Hear, hear, says Thompson.
“I can’t stand to be cooped up. The oxygen makes me feel so ALIVE,” Thompson explains of the open-window effect.
But honestly. Crocs without socks? In winter?
“I LOVE Crocs. They just feel so good. Have you ever worn them?”
Women, on the other hand, are from Earth, where room temperature is 75 degrees, heated seats were invented for a reason, and windows, like shoeboxes containing white sandals, are never opened past Labor Day.
This is how humans have thrived through the ages. By taking shelter, creating warmth, protecting their young. Could it be argued that women are simply following their survival instinct?
James Piedad, who has a running battle with his wife over the thermostat, thinks not.
“I think we just have a different internal body temperature,” says Piedad, who keeps the thermostat set at 69 degrees, two degrees lower than where his wife likes it.
He finds neither rhyme nor reason in her thermal dynamics.

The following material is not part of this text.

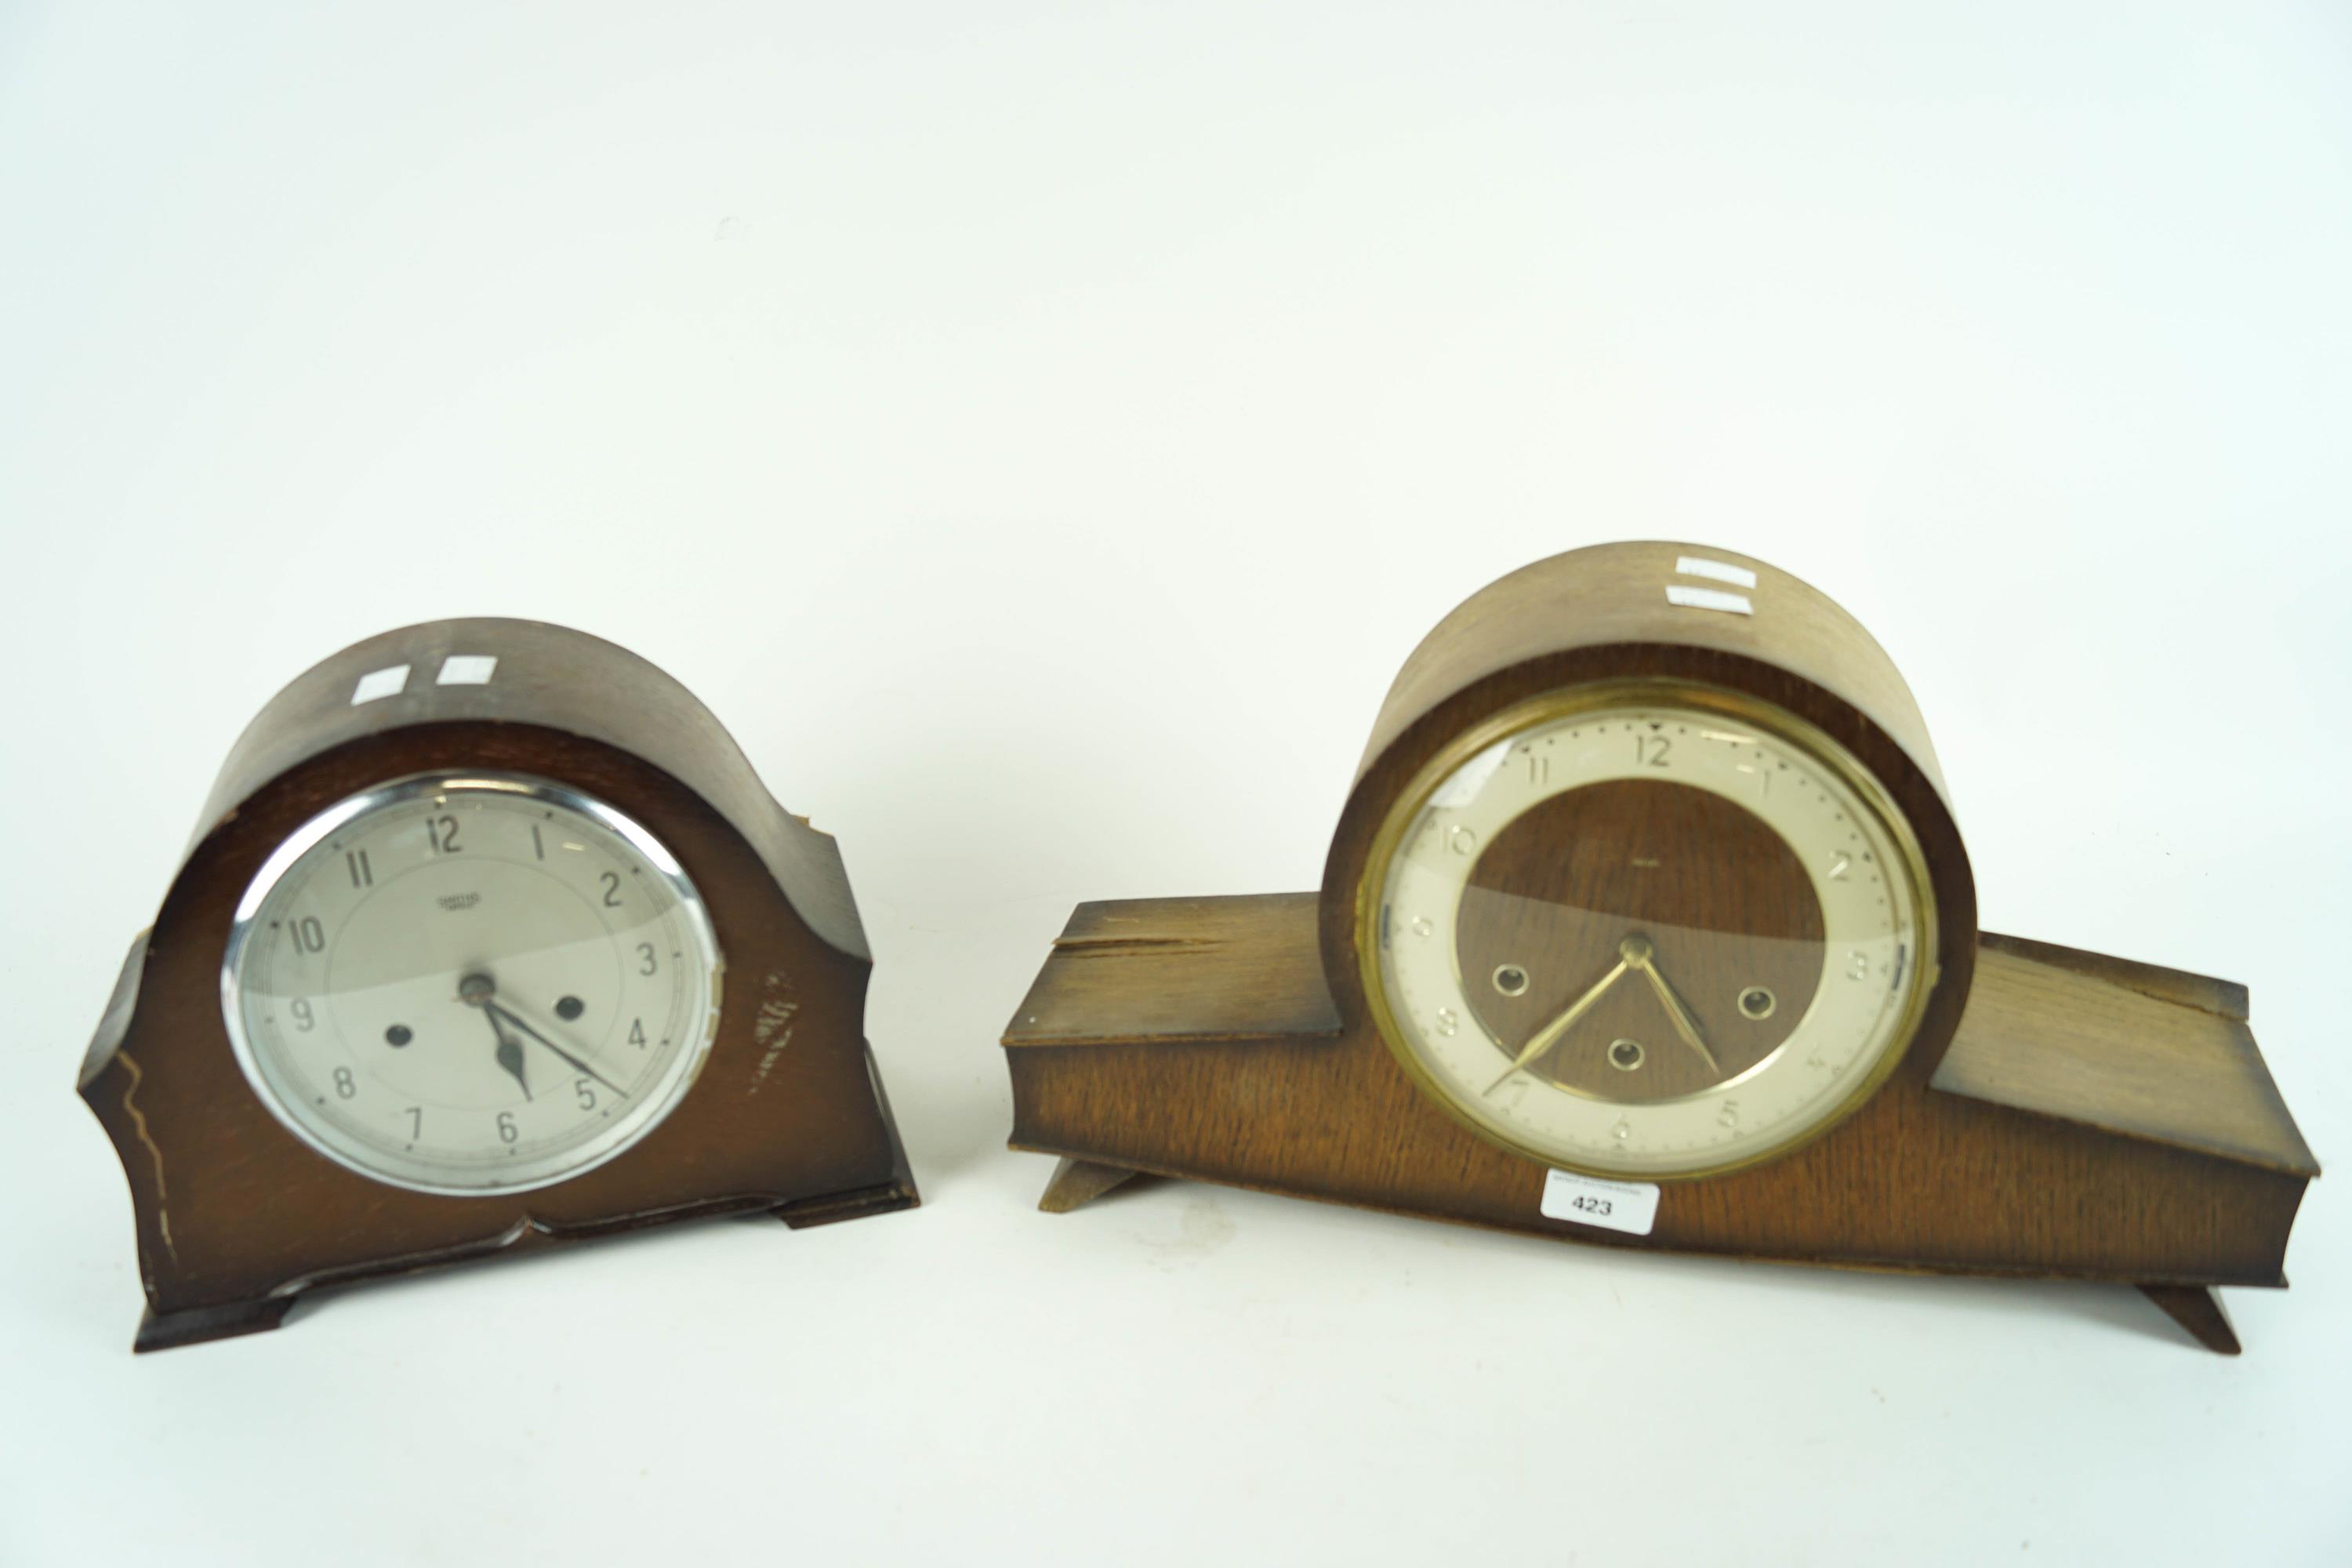 Two clocks

She turns the heat up, but cracks the windows, which sucks the heat out.
“It’s so you don’t suffocate, I guess. Her mom did it,” he says. “But my favorite is in the summertime. She likes to turn the air conditioning way down so that we need a blanket on the bed.”
Part of Thompson’s insistence on turning the heat down is frugality: He estimates he shaves $50 off the family’s monthly heating bill by turning the furnace down to 66 degrees.
But he admits that this might not be the smartest place to conserve.
“Women tend to be smarter than men. They also have better pain tolerance. Except in this one instance, when it comes to cold,” he says. “Men would just freeze to death, and by the time they’re frozen, it’s too late.”
Linda Bennett, who was having lunch with her grandchild Friday at McDonald’s near Green Valley Road, said that in her marriage, there came one great equalizer for the thermostat: That was the hot flashes that hit her and her husband at about the same time.
These days, they keep the thermostat in the low 60s, while her elderly mother keeps it warmer downstairs.
As Bennett finished her lunch, her preschool grandson toddled off without a coat, or shoes, into the PlayPlace , which was as frigid as it was outside.
But why would he mind? Children are from Pluto.